If the word contained in the phrase does not exist in the index, the result is null. For example, if all words are disabled or the length is smaller than the minimum length of the indexed words, the result is null.

The following example shows some search strings that use Boolean full-text symbols:

'Apple bana'

Search for rows that contain at least two words.

'+ Apple + juice'

Search for rows containing both words.

'+ Apple macintosh'

Find the row that contains the word "apple". if the row also contains the word "macintosh", it is listed as a higher level.

'+ Apple-macintosh'

Find a line that contains the word "apple" but does not contain the word "macintosh.

'+ Apple + (> turnover
Find the rows that contain the words "apple" and "turnover", or those that contain "apple" and "strudel" (in no order ), however, rows that contain "apple turnover" are arranged at a higher level than those that contain "apple strudel.

'Apple *'

Search for rows that contain "apple", "apples", "applesauce", or "applet.

'"Some words "'

Search for rows that contain the original phrase "some words" (for example, rows that contain "some words of wisdom", rather than rows that contain "some noise words ).
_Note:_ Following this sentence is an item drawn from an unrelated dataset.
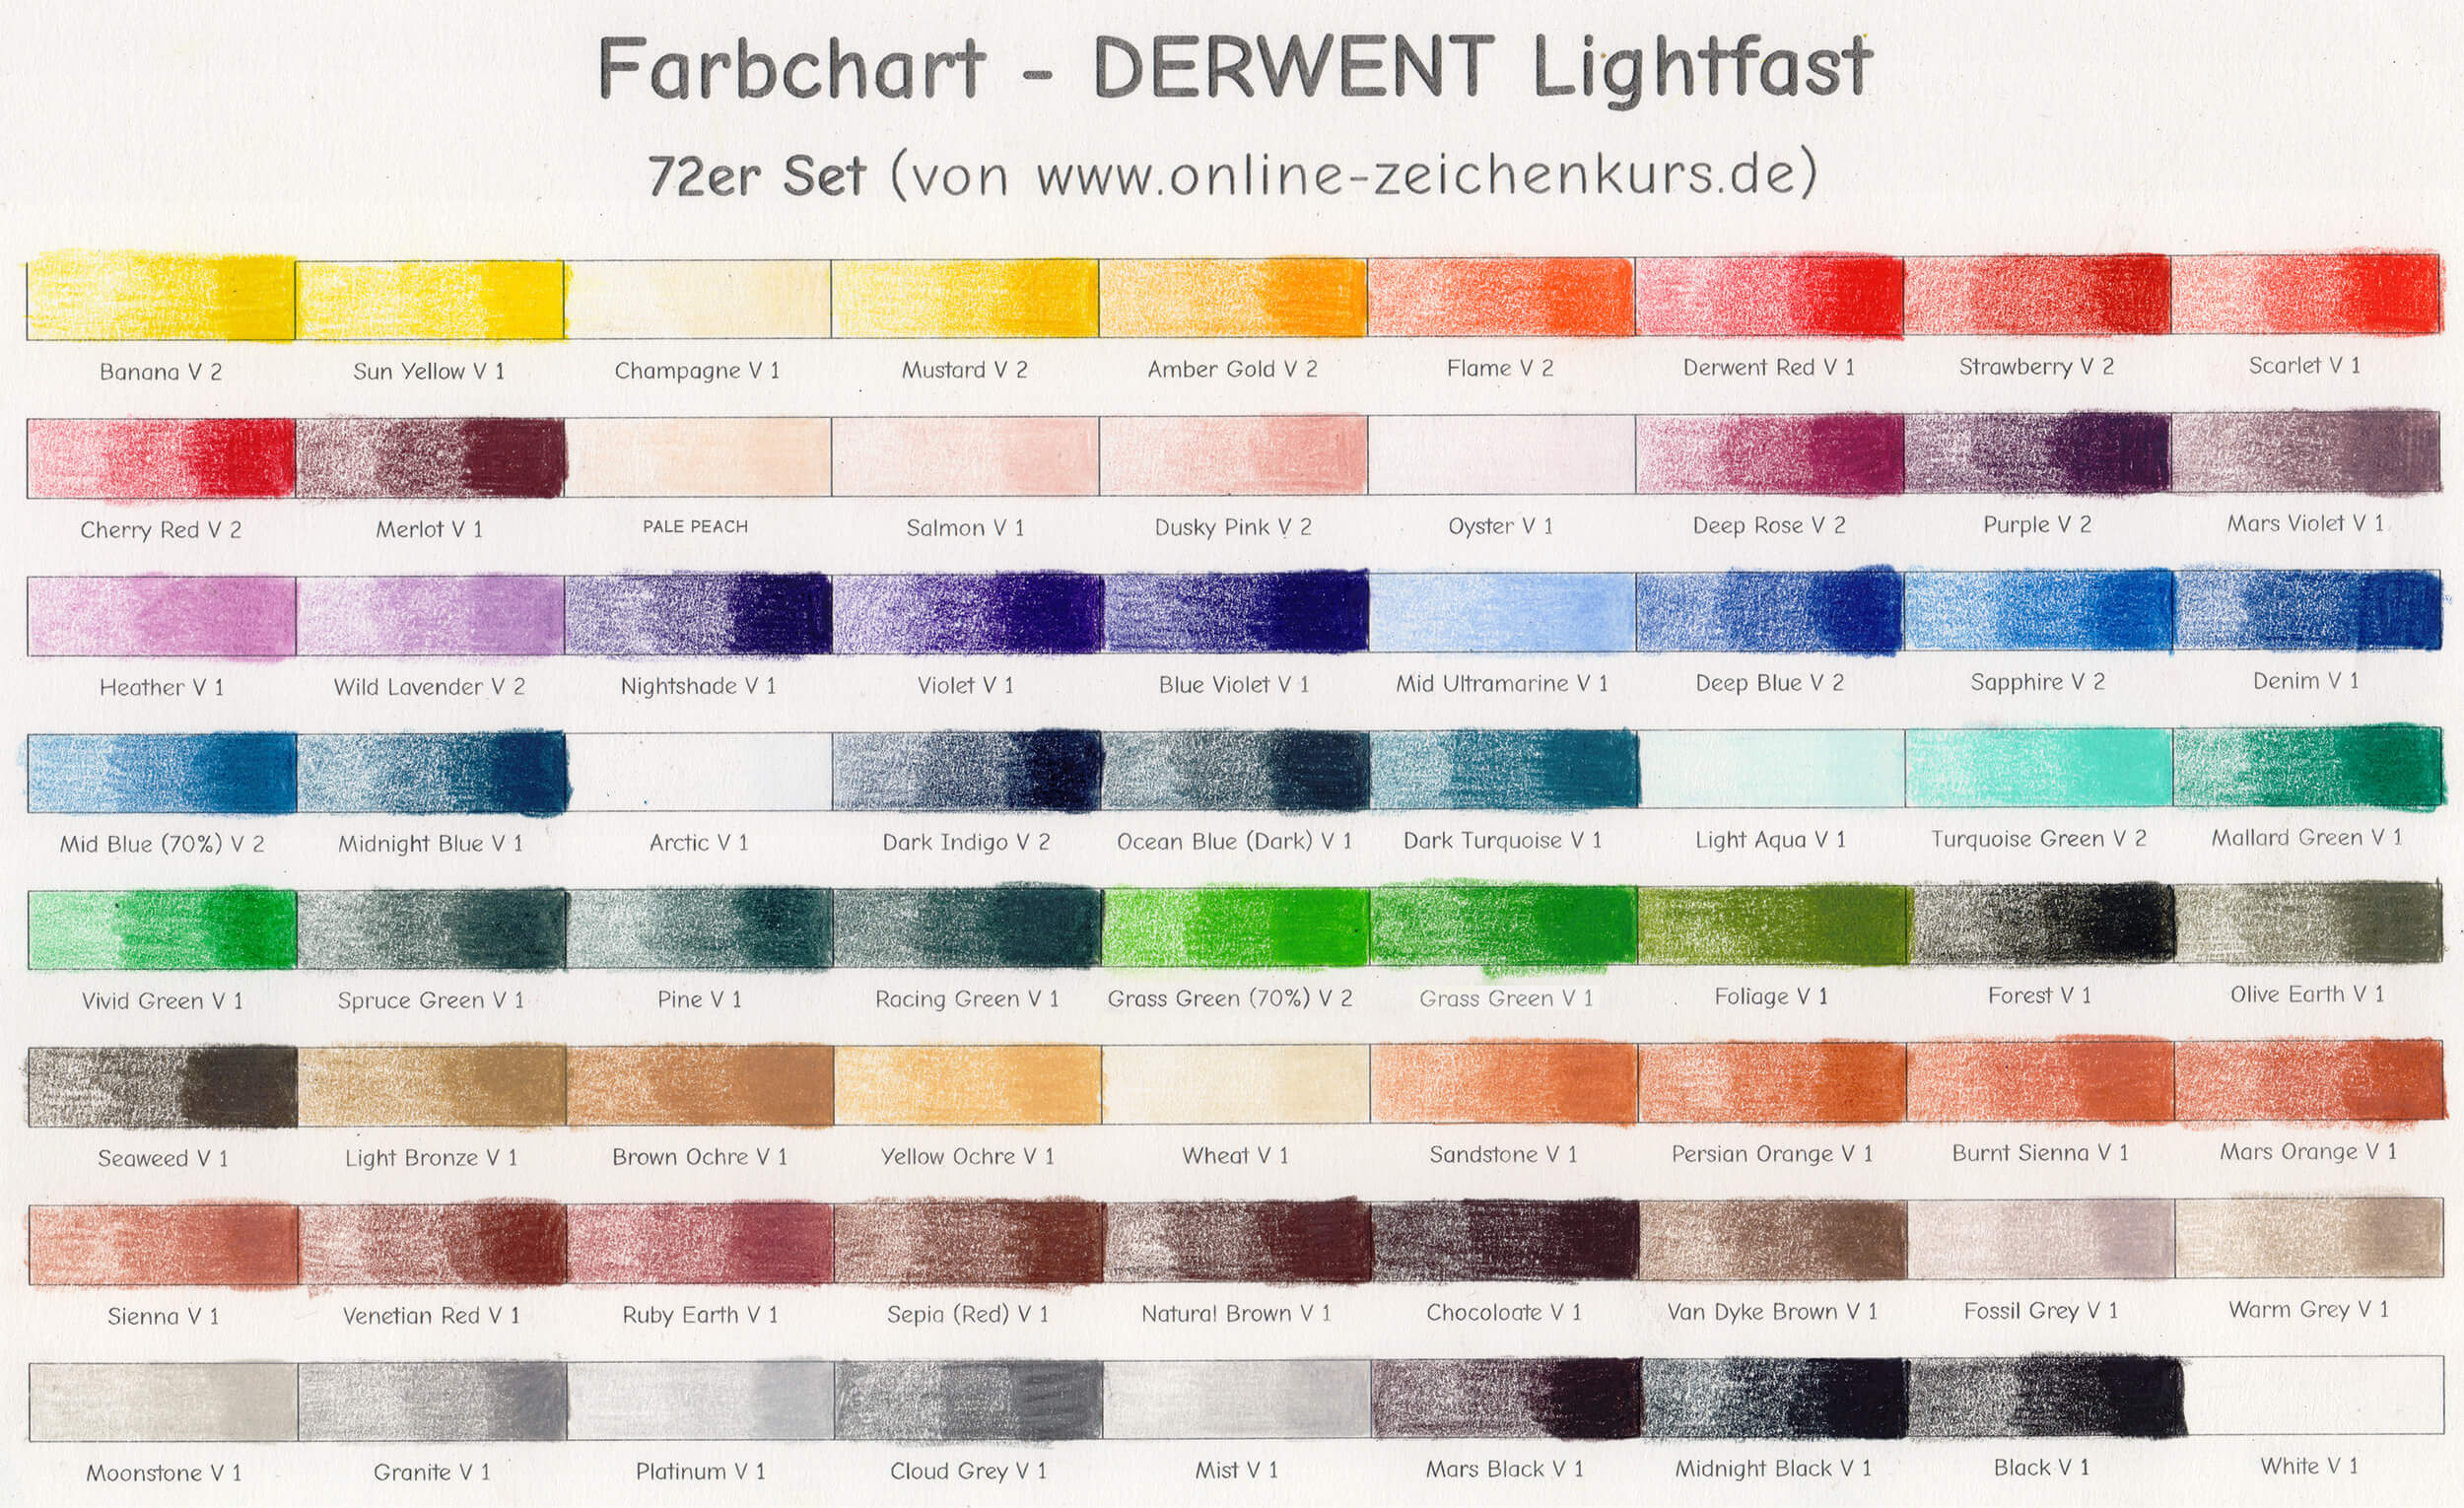 Derwent Lightfast 72er Set ausgefülltes Farbchart

Note that the '"' symbol of the surrounding phrase is an operator character that defines the phrase. They are not quotation marks surrounding the search string itself.

BitsCN.com

Contact Us

The content source of this page is from Internet, which doesn't represent Alibaba Cloud's opinion; products and services mentioned on that page don't have any relationship with Alibaba Cloud. If the content of the page makes you feel confusing, please write us an email, we will handle the problem within 5 days after receiving your email.

If you find any instances of plagiarism from the community, please send an email to: info-contact@alibabacloud.com and provide relevant evidence. A staff member will contact you within 5 working days.

A Free Trial That Lets You Build Big!

Start building with 50+ products and up to 12 months usage for Elastic Compute Service

  • Sales Support

    1 on 1 presale consultation

  • After-Sales Support

    24/7 Technical Support 6 Free Tickets per Quarter Faster Response

  • Alibaba Cloud offers highly flexible support services tailored to meet your exact needs.